Thursday, February 7, 2008


A couple of weeks ago I talked about how I always carry a tiny notebook, but I neglected to mention the role they play in my writing.

When I visited the schools on Guam in 2000 I knew that I would write a book set there one day. I didn't know what the book would be about. I only knew the setting pulled at me. During spare moments, I recorded observations in my notebook.

Wind blowing through the palm leaves,

a bend in the trunk like the curve of a woman's hip

Ray Pablo -n- Dianne Atoique 4-ever carved on a bench

Red buses carry Japanese tourists dressed in Hawaiian shirts and straw hats

quarter slices of green papaya served with a sold hotdog

"Make you a deal, a best friend deal"

a wilted yellow hibiscus on the ground

Even now, when I read those words, they take me back.

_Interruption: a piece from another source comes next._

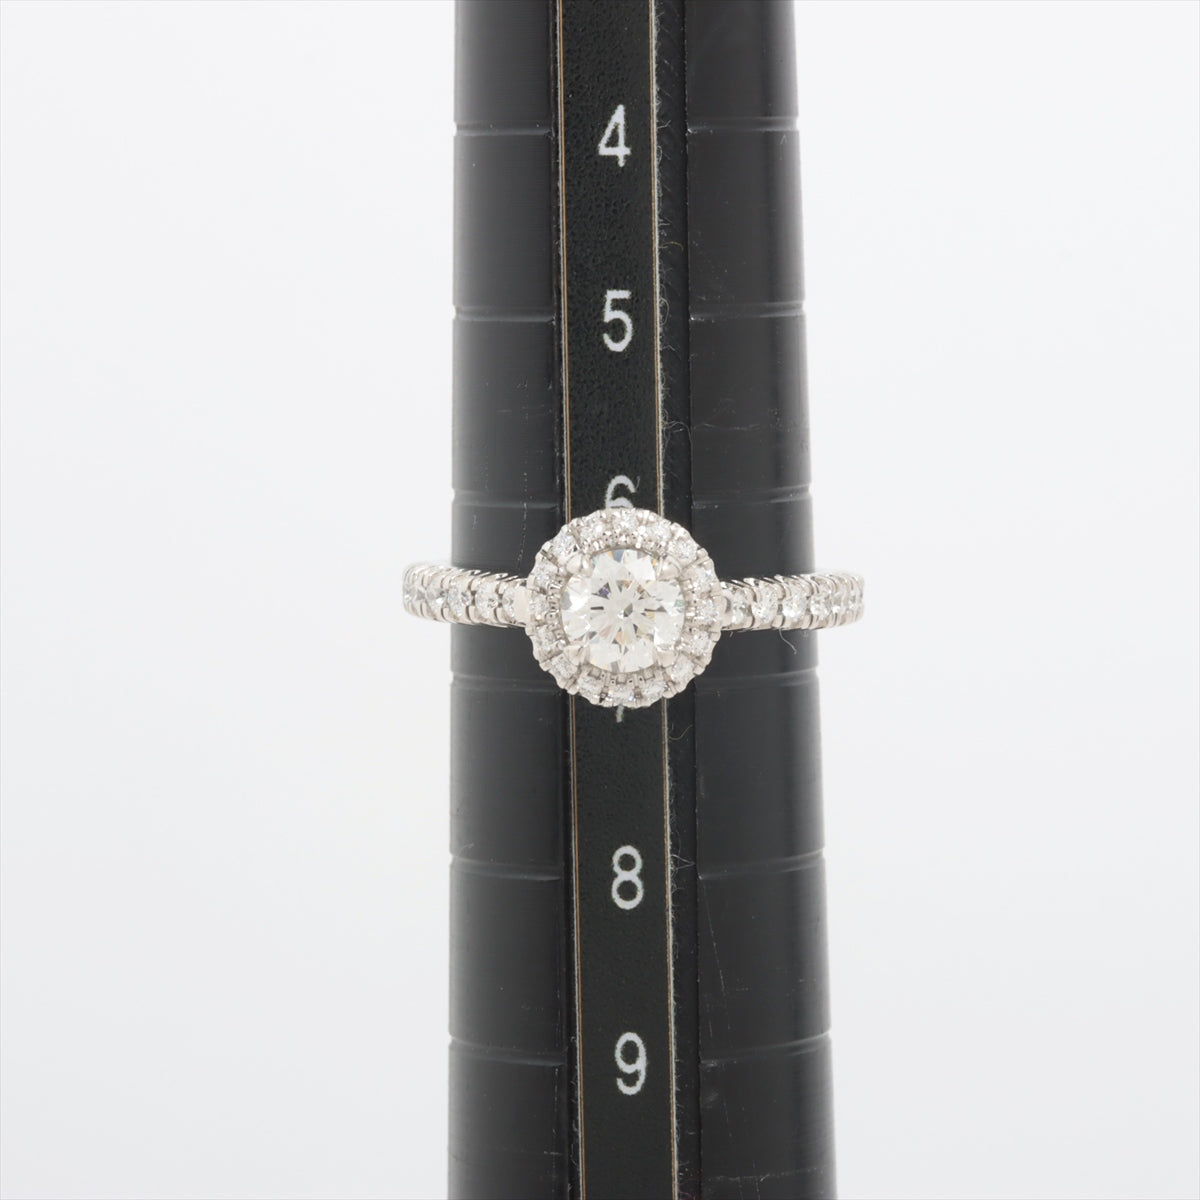 Cartier Destiné diamond rings Pt950 4.0g 0.42 47
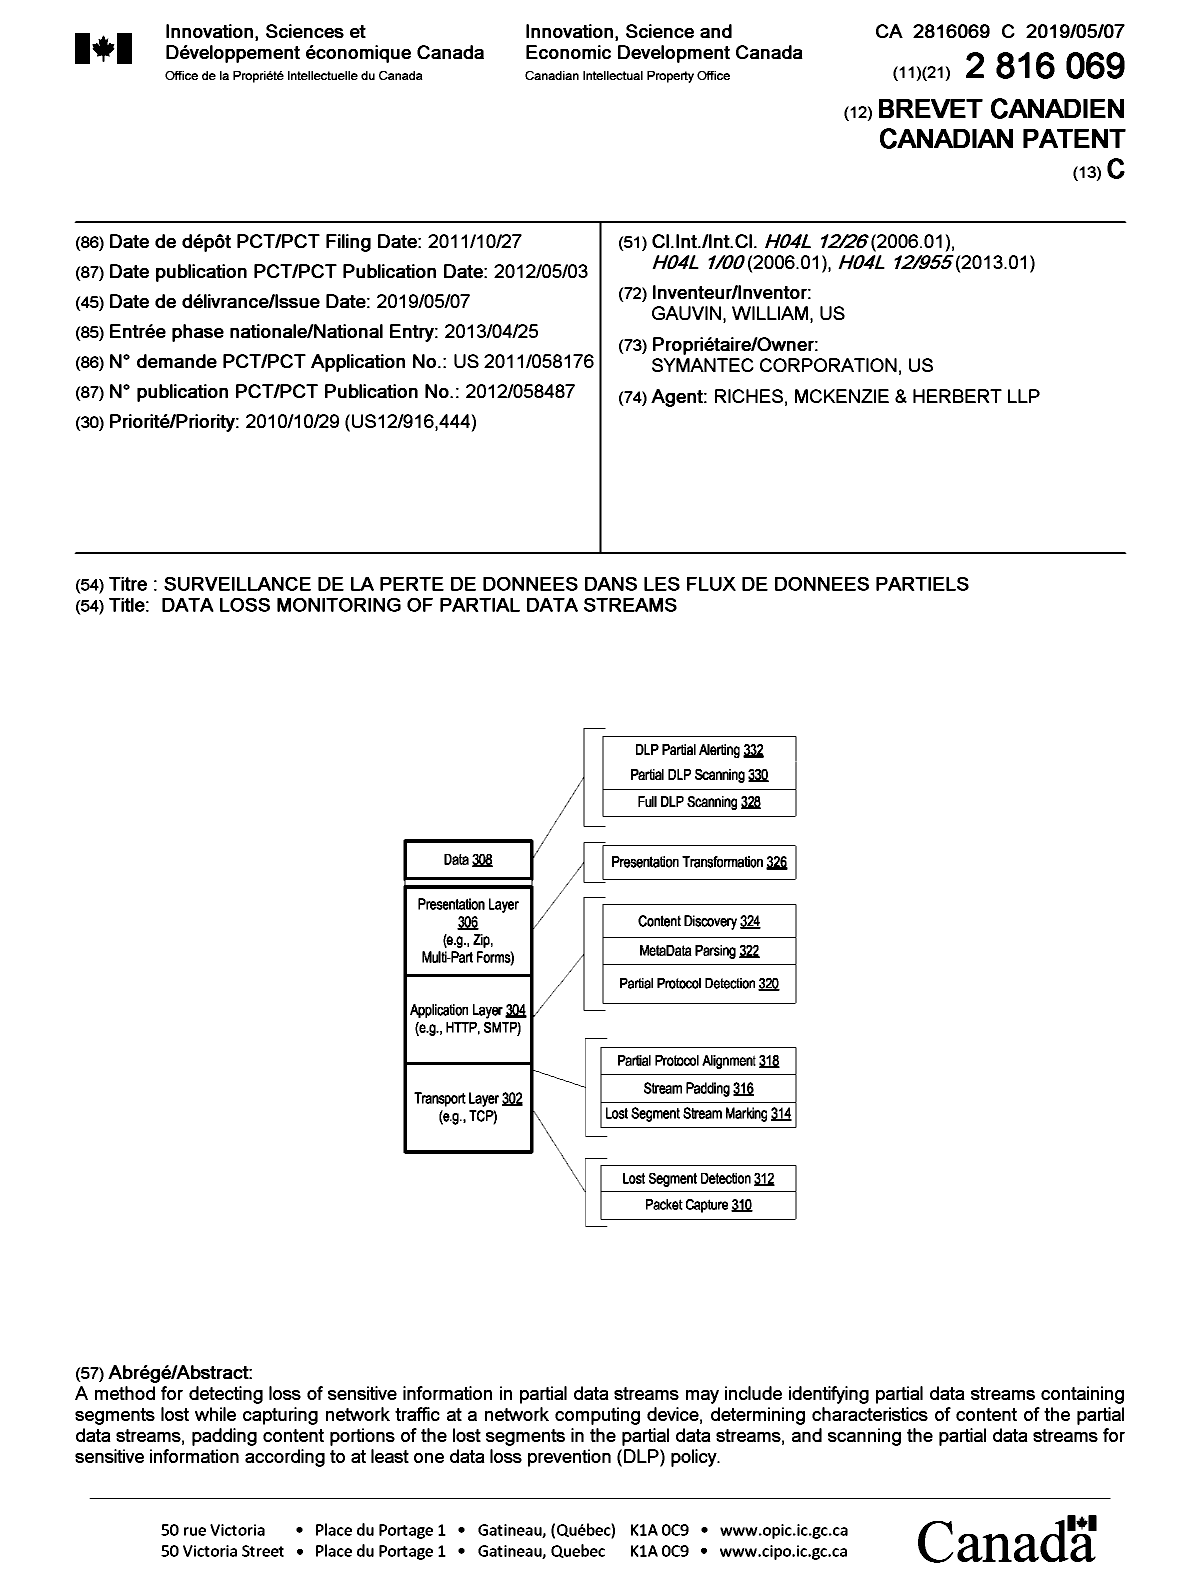 Document de brevet canadien 2816069. Page couverture 20190408. Image 1 de 1

Six months later, I did return where I filled more notebooks, this time with a focus on a story. But the rich details from my tiny notebook played a key role in KEEPER OF THE NIGHT, too. They helped me travel back when the expense of another research trip was not possible.

If you're a writer, you don't have to journey to an exotic island to capture a place. Your local coffee shop or park will do. You don't have to have a particular story in mind. The sensory snippets you record today, may be the rich details that draw a reader to your book tomorrow.